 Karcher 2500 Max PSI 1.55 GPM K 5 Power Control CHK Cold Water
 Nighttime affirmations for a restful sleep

---

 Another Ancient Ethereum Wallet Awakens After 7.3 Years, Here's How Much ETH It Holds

Task goal » The stretch of entries above that starts with the line containing "Karcher 2500 Max" and goes on through the line containing "Nighttime affirmations for a restful sleep" is to be transcribed exactly, and no other line is to be transcribed.

Exercise answer »
 Karcher 2500 Max PSI 1.55 GPM K 5 Power Control CHK Cold Water
 Nighttime affirmations for a restful sleep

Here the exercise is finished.